I fried a Raspberry Pis and I have no idea why. Please help me understand.

dl324

Joined Mar 30, 2015
16,897
The purpose of the transistor is to allow a low (ground) signal into the Raspberry Pi pin when the switch in the diagram closes the circuit.
You have the base grounded, so the transistor can only be turned on with a negative voltage on the emitter. You didn't label the pin the emitter is connected to, but it still can't work because the Pi can't generate a negative voltage on any output (and then there wouldn't be an input to the Pi).
1581872395257.png
 

BobaMosfet

Joined Jul 1, 2009
2,112
My apologies for the drawing! I'm sure there are much better ways to show a circuit but I'm not familiar with any them.

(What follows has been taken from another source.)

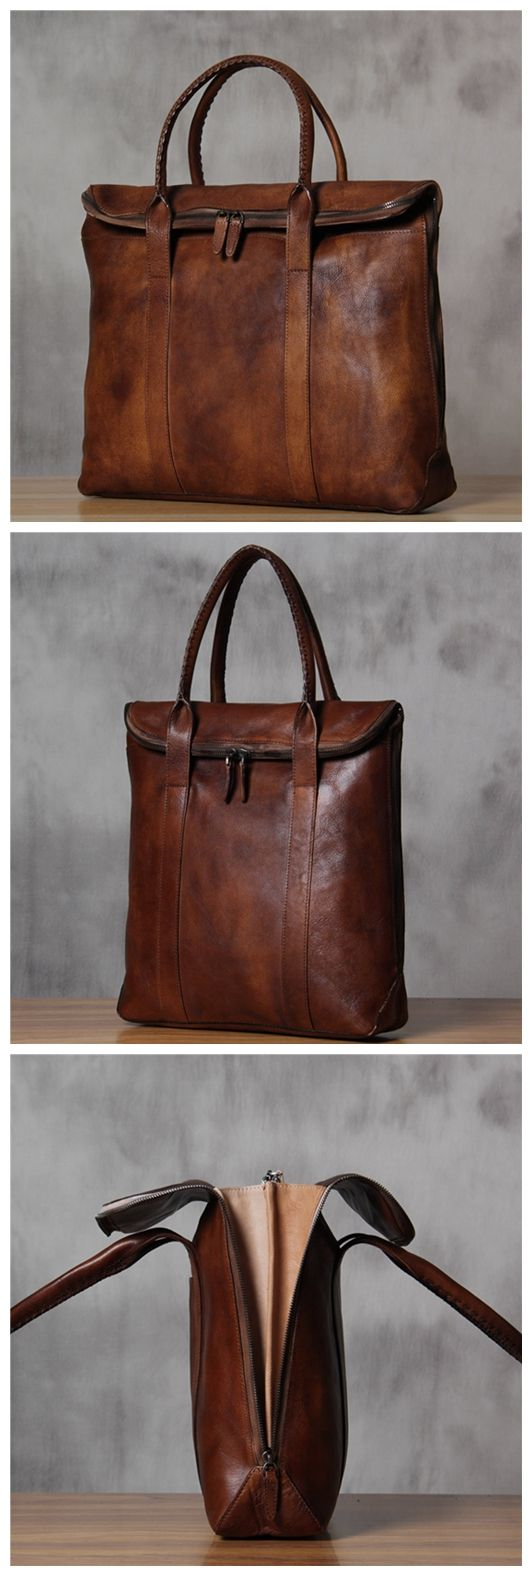 ROCKCOW 15 Inches Vintage Genuine Leather Briefcase, Messenger Bag, Laptop Bag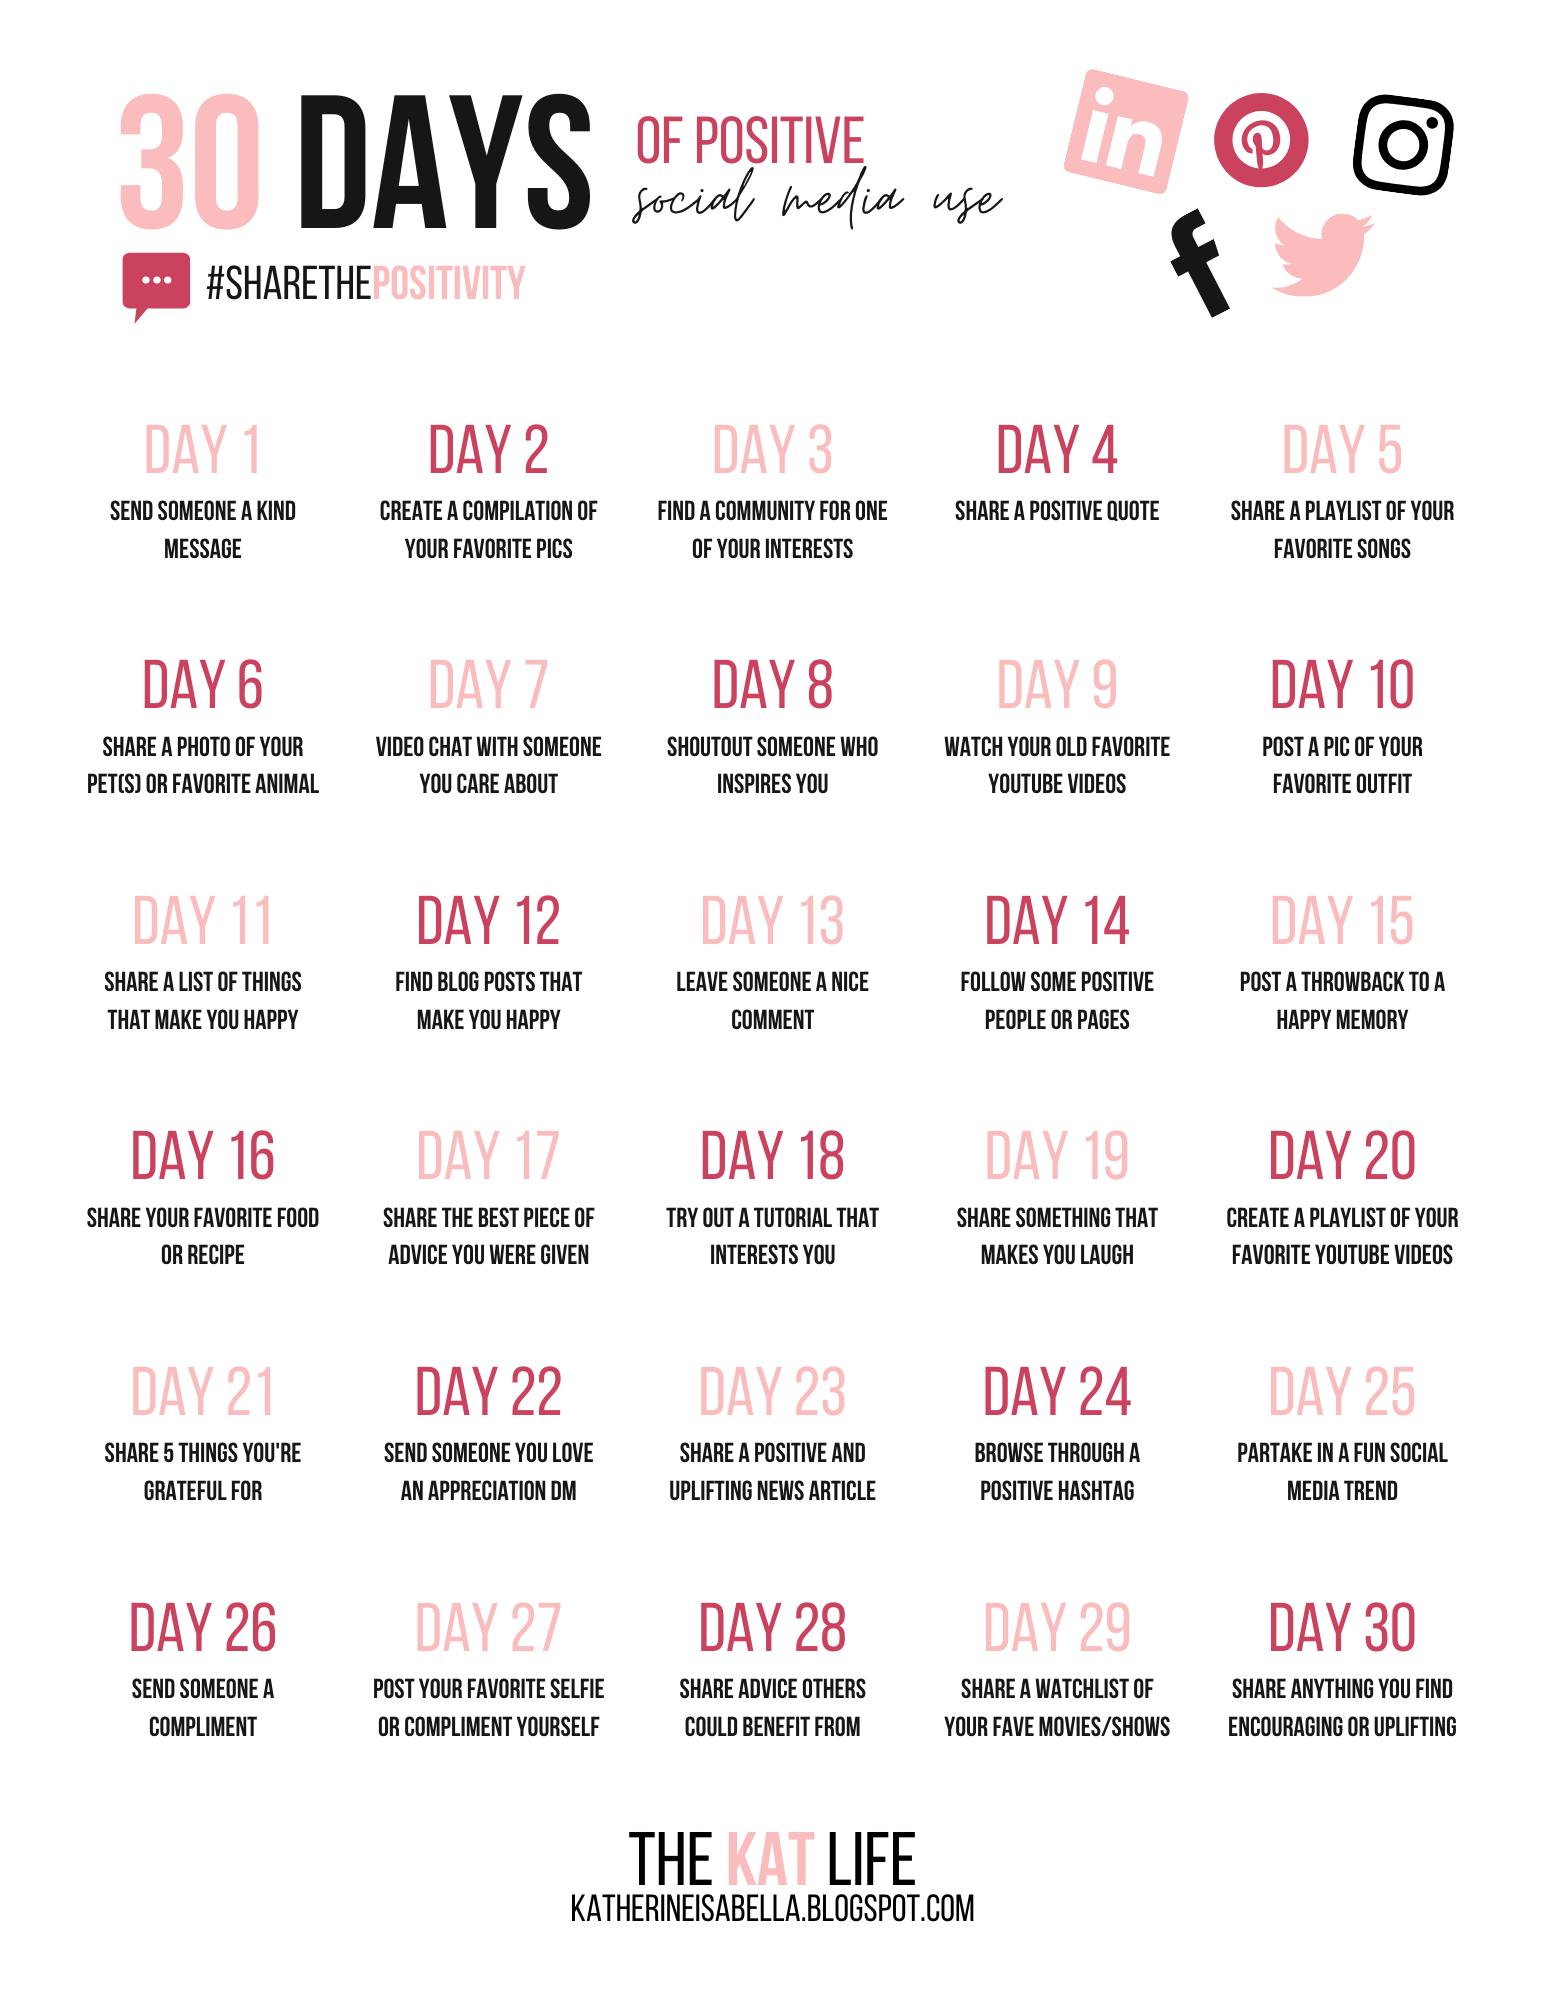 30 Days Of Positive Social Media Use Positivity Challenge Social Media Challenges Social Media Quotes

By fried I meant the Raspberry Pi is no longer working (nothing appears on the screen when I connect it to a monitor and it gets very hot very quickly). There was no smoke.

Regarding the pin numbers on the 5 VDC relay, I just put them there to show which pins connect when the relay is active and not active. The sig pin is the signal pin, what I use to activate or deactivate the relay.
What documentation comes with your buck/boost converters? Does it require you to set a dipswitch or something so that it knows what input power is? (AC or DC)?
 

Thread Starter

carlosc

Joined Feb 2, 2018
24
What documentation comes with your buck/boost converters? Does it require you to set a dipswitch or something so that it knows what input power is? (AC or DC)?
No documentation. The input is AC, the output is DC and there is a potentiometer you use to regular what you want the DC output to be.
 

Thread Starter

carlosc

Joined Feb 2, 2018
24
You have the base grounded, so the transistor can only be turned on with a negative voltage on the emitter. You didn't label the pin the emitter is connected to, but it still can't work because the Pi can't generate a negative voltage on any output (and then there wouldn't be an input to the Pi).
View attachment 199223
The base is grounded and when the voltage in the collector is higher than in the base, the transistor allows current to flow, meaning the emitter is now ground. That translates to a "low" in the GPIO pin which I can detect with if GPIO.input(18) == GPIO.LOW: do something... (where 18 is the BCM pin number).
 

dl324

Joined Mar 30, 2015
16,897
The base is grounded and when the voltage in the collector is higher than in the base, the transistor allows current to flow, meaning the emitter is now ground.
That isn't how a transistor works. The CB junction is reverse biased; it can never become forward biased because the transistor can't turn on.

To turn on a transistor, you need to forward bias the BE junction. If you operate in saturation mode, the CB junction will become forward biased. But the BE junction always needs to be forward biased to turn it on; unless you operate in inverted mode which isn't done very often because you don't have much current gain.
 

Thread Starter

carlosc

Joined Feb 2, 2018
24
One more thing I discovered...

Because of how things are wired, it will be the case that the ground wire coming out of the DC side of the bottom buck converter will be connected to the DC ground of the top buck converter (which is always on) and the one of the wires on the AC side of the bottom buck converter will be connected to what I am considering the AC neutral wire and this makes the bottom buck converter stay on, as if the AC voltage is somehow inducing current and making the buck converter output DC voltage. I measured the AC voltage going into the buck converter when it was supposed to be off and I got around 3.5 volts AC. I tried adding a resistor between the DC ground of the bottom buck converter and the DC ground out of the top converter and that made things work as expected. I am not an electrical engineer so if anyone can shed some light on why this would happen that would be awesome.

Thanks!
 
Please refer to the picture attached.

When the switch closes the circuit, the buck converter at the bottom of the image turns on (as expected) and the code I have running in the Raspberry Pi detects a low signal going into the Raspberry Pi pin the transistor's emitter is connected to (also as expected). Now here's where things get really confusing for me...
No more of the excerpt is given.